# toronto must see stores?



## superfishy45 (Oct 28, 2012)

Hey i am comming to toronto from peterborough and looking for must see aquarium stores for cichlids, saltwater fish, coral. i am looking for the best of the best stores to make my trip worth it.


----------



## Fishfur (Mar 4, 2012)

Finnatics for one, on Dixie Rd south of the 401, for cichlids and lots of other stuff. Check the general marketplace ads for info on their latest stocks.

R20 for another, great salty stuff at Dixie and Dundas, and also close by in Mississauga, along Dundas St within a few miles of each other there is Aquatic Kingdom and Big Als Mississauga, which do both Salt and FW and plants.

Downtown TO, there's Menagerie, though they have only a small fishroom they have some nice fish and often nice plants.

In Scarborough, AI is worth seeing, if only for the spectacular display tanks they have in the Amano style.

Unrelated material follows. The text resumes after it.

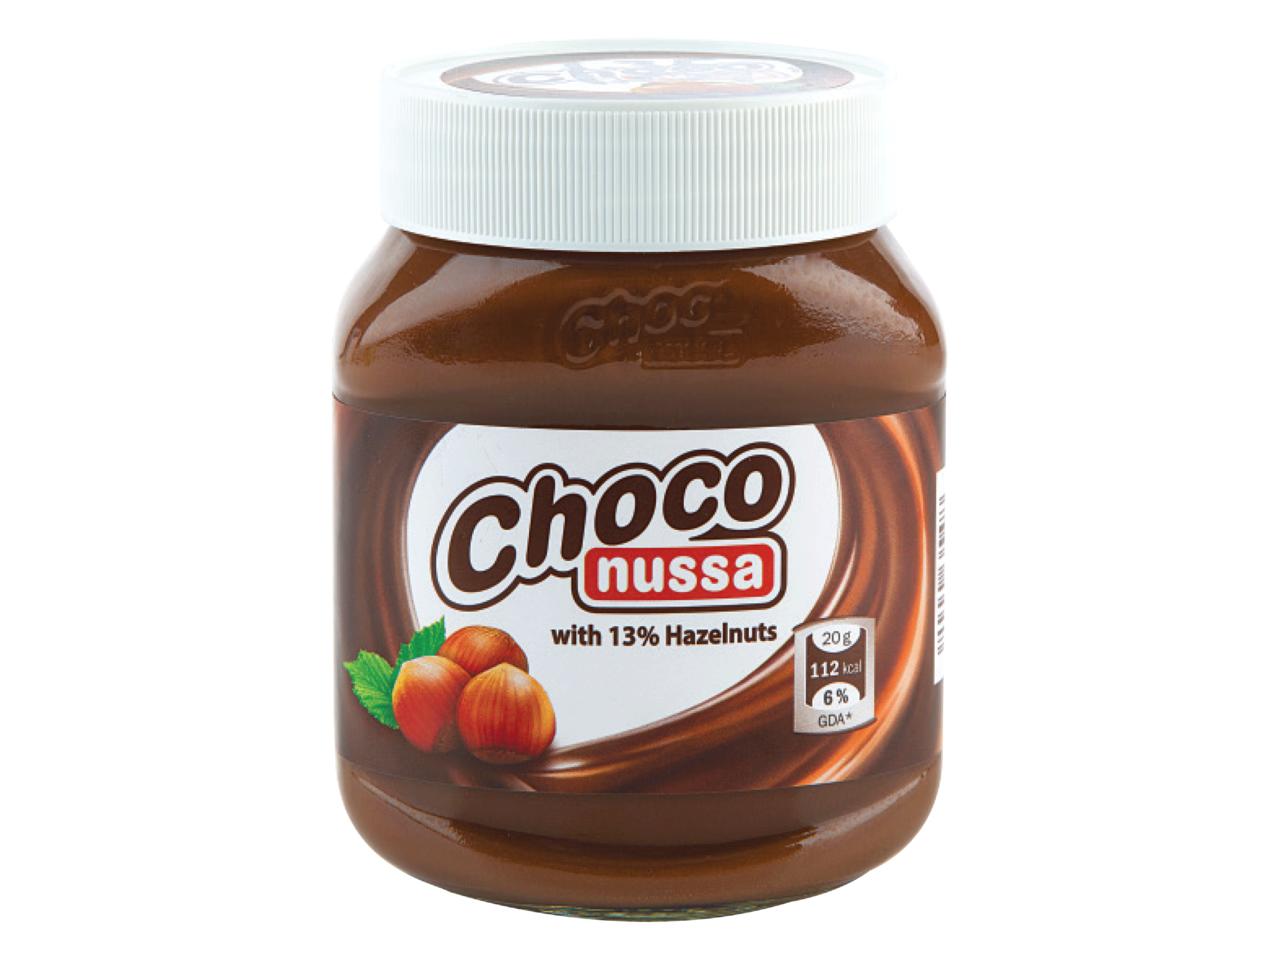 Choco Nussa Chocolate Hazelnut Spread

I''m sure there are others, but these are the ones I know best.


----------



## superfishy45 (Oct 28, 2012)

Thanks for the reply will certanly check them out!


----------



## bob123 (Dec 31, 2009)

I agree Finatics #1 but it is north of the 401 according to the map.


----------



## superfishy45 (Oct 28, 2012)

Ok great that will certanly be a main stop.


----------



## ameekplec. (May 1, 2008)

If you're going for the most stores in one area, check out the strip of saltwater stores in the west end - Reef raft, aquatic kingdom, uh....a bunch of stores out that way. 

Menagerie is the best for FW oddities and cool finds - mostly small nano-friendly things in there. 

Sea U Marine is THE destination in the north end. 

The west end has the lion's share of the stores, but the ones to the east are more beloved stores


----------



## superfishy45 (Oct 28, 2012)

Seaumarine will be on my list!!!


----------



## d3rsk (Feb 3, 2013)

I did the Big Als (whitby and Kennedy), Kennedy is better than the whitby store for slection and pricing. 
Sea U Marine has a good selection as well. 
I picked up a pair of clowns from him almost a month ago and they are very happy in my tank. (Even after the 2+ hour trip back to Ptbo)



Sent from my BlackBerry 9900 using Tapatalk


----------



## Fishfur (Mar 4, 2012)

Sorry, my bad on the location of Finatics. Still well worth a visit ! And Reef Raft is gone. Now it's Rivers to Oceans.. aka R2O.. in a strip mall on the southwest corner of Dundas/Dixie, near the south end of the strip. I could almost toss a rock and hit the store from home.

Assuming you went to Finatics, if you came south to Dundas and went east, you'll find Aquatic Kingdom not too far along on the south side. They are in the process of moving down to the Chinese Mall by Dragon Discount Aquarium and Big Als.. but have not actually moved yet, at least, they hadn't the last time I was down that way a couple weeks ago. 

Then come west on Dundas and you get R20 at the intersection with Dixie, also on the south side, then a few blocks further along, just before Haines Rd, you find Big Als and Dragon Discount on the south side. Dragon has downsized recently and I don't know what they have now, but they were mostly FW before the downsize, I think. Big Als is just across the parking lot from them. All within a couple of miles, and Finatics is about fifteen minutes north of Dundas. Not really that far, the time is mainly because there are a lot of lights and a fair bit of construction on Dixie.


----------